Improves metadata parsing for PR 31763 by hellofromtonya · Pull Request #32067 · WordPress/gutenberg

hellofromtonya · 2021-05-20T20:21:47Z

Description

Improves metadata parsing for PR #31763:

Adds a method to parse all <meta ... content="" elements and injects into description and OG image parsers
Switches getting description to use regex instead of tmp file
Modified regex patterns to allow for:
- attributes in any order
- other attributes (not targeted by the parser)
- single, double, or no quotes around an attribute value
- HTML in attribute value
Refactors parsing for reuse
Updates get_description and get_image to use the helper methods
Adds additional test data for as many scenarios and edge cases as I think of 😉
Improves getting the <head> element
Ensures HTML entities within the content attribute are converted into HTML.

Checklist:

My code is tested.
My code follows the WordPress code style.
My code follows the accessibility standards.
[na] I've tested my changes with keyboard and screen readers.
My code has proper inline documentation.
[na] I've included developer documentation if appropriate.
[na] I've updated all React Native files affected by any refactorings/renamings in this PR (please manually search all *.native.js files for terms that need renaming or removal).

Why? Lookahead was not constrained with each element and thus picked up <meta from one and then if not a match, grabbed the name and content from another upstream. The new strategy parses all meta elements with a content attribute. Then loops through them to find the description element. Why this order? The content attribute can contain HTML tags. The > or /> symbol is matched as the end of the meta element (it's closing symbol). If this happens, the content is truncated. Boo. Switching the parsing order solves this problem. Bonus: allows for pre-parsing of all meta elements. Performance boost.

- Isolates to the only the <head>..</head> element by stripping all content before the opening tag and ensuring it includes a closing </head> tag. - Performance improvements: - Bails out early if no opening tag is found. - Uses native string functions instead of regex.

…of meta elements.

hellofromtonya · 2021-05-21T18:40:31Z

@getdave This PR is ready to merge into PR 31763. It

captures all of the improvements we discussed
optimizes the parsers
adds testing data (of as many scenarios and edge cases I can think of)
and adds <meta element helper methods for reuse

getdave · 2021-05-24T08:32:11Z

@hellofromtonya Thank you for this. It's a great improvement. I feel like we're ready for review in the main PR now?

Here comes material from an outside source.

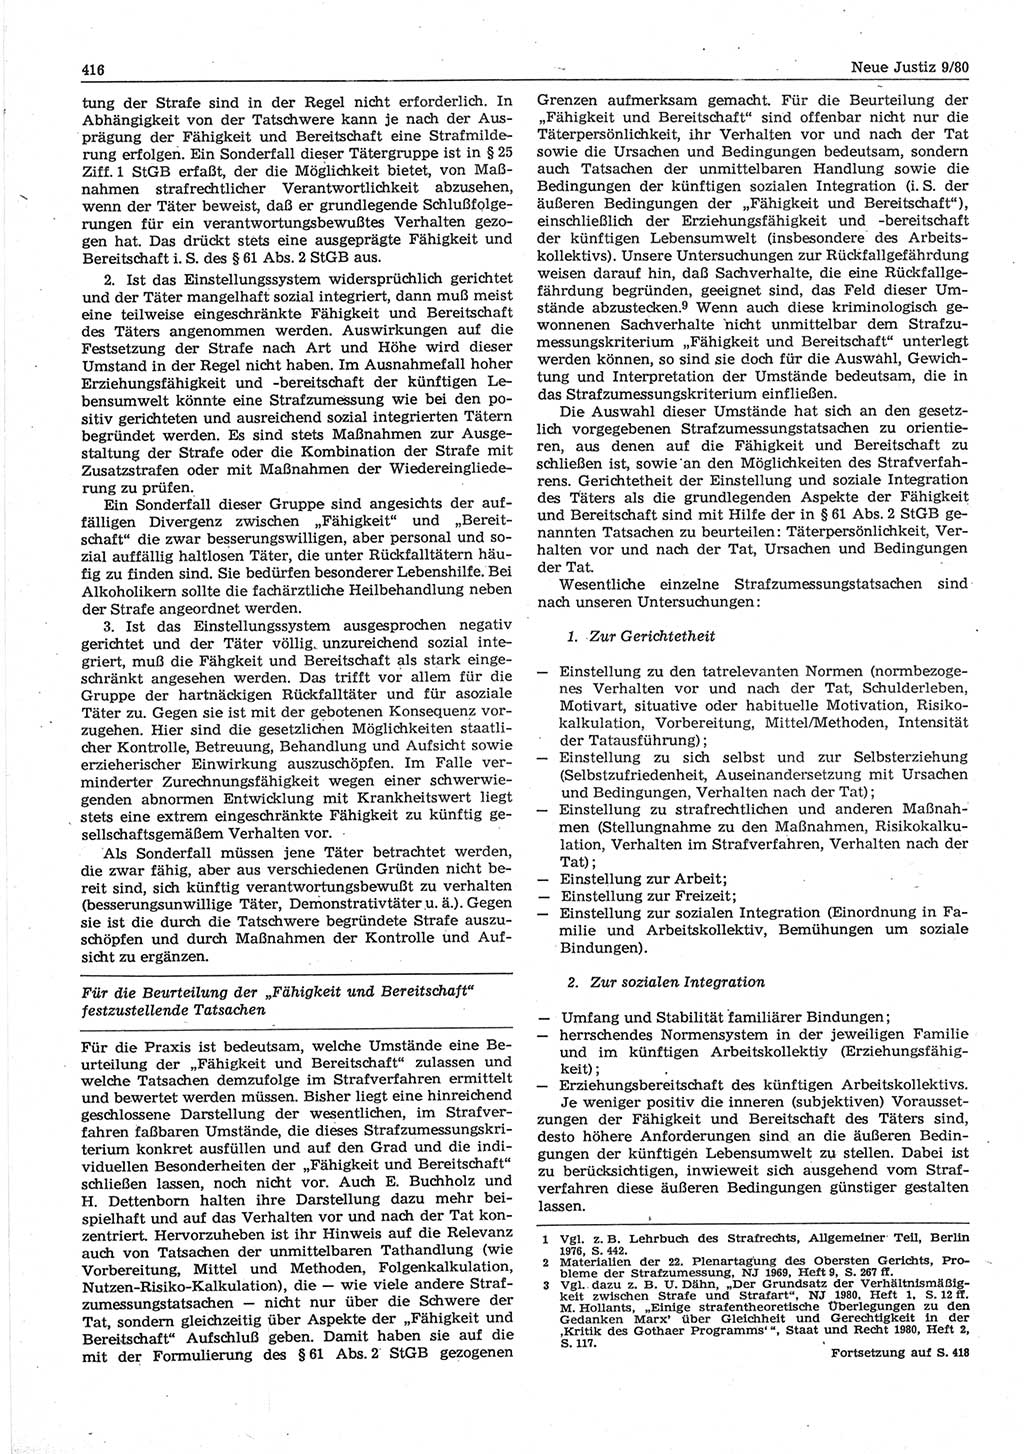 Neue Justiz (NJ), Zeitschrift für sozialistisches Recht und Gesetzlichkeit [Deutsche Demokratische Republik (DDR)], 34. Jahrgang 1980, Seite 416 (NJ DDR 1980, S. 416)

hellofromtonya · 2021-05-24T14:39:05Z

I feel like we're ready for review in the main PR now?

@getdave after reviewing, there are a few more things to do. New PR coming your way.

* Description: uses regex instead of tmp file. * Adding test to check for like tag before and after target. * Description: changes regex strategy. Why? Lookahead was not constrained with each element and thus picked up <meta from one and then if not a match, grabbed the name and content from another upstream. The new strategy parses all meta elements with a content attribute. Then loops through them to find the description element. Why this order? The content attribute can contain HTML tags. The > or /> symbol is matched as the end of the meta element (it's closing symbol). If this happens, the content is truncated. Boo. Switching the parsing order solves this problem. Bonus: allows for pre-parsing of all meta elements. Performance boost. * Refactors getting meta with content elements for reuse. * Improves getting <head>..</head> element. - Isolates to the only the <head>..</head> element by stripping all content before the opening tag and ensuring it includes a closing </head> tag. - Performance improvements: - Bails out early if no opening tag is found. - Uses native string functions instead of regex. * Image: use same parsing strategy as description. * Refactor to reuse the process for getting the metadata from the list of meta elements. * Convert description HTML entities into HTML.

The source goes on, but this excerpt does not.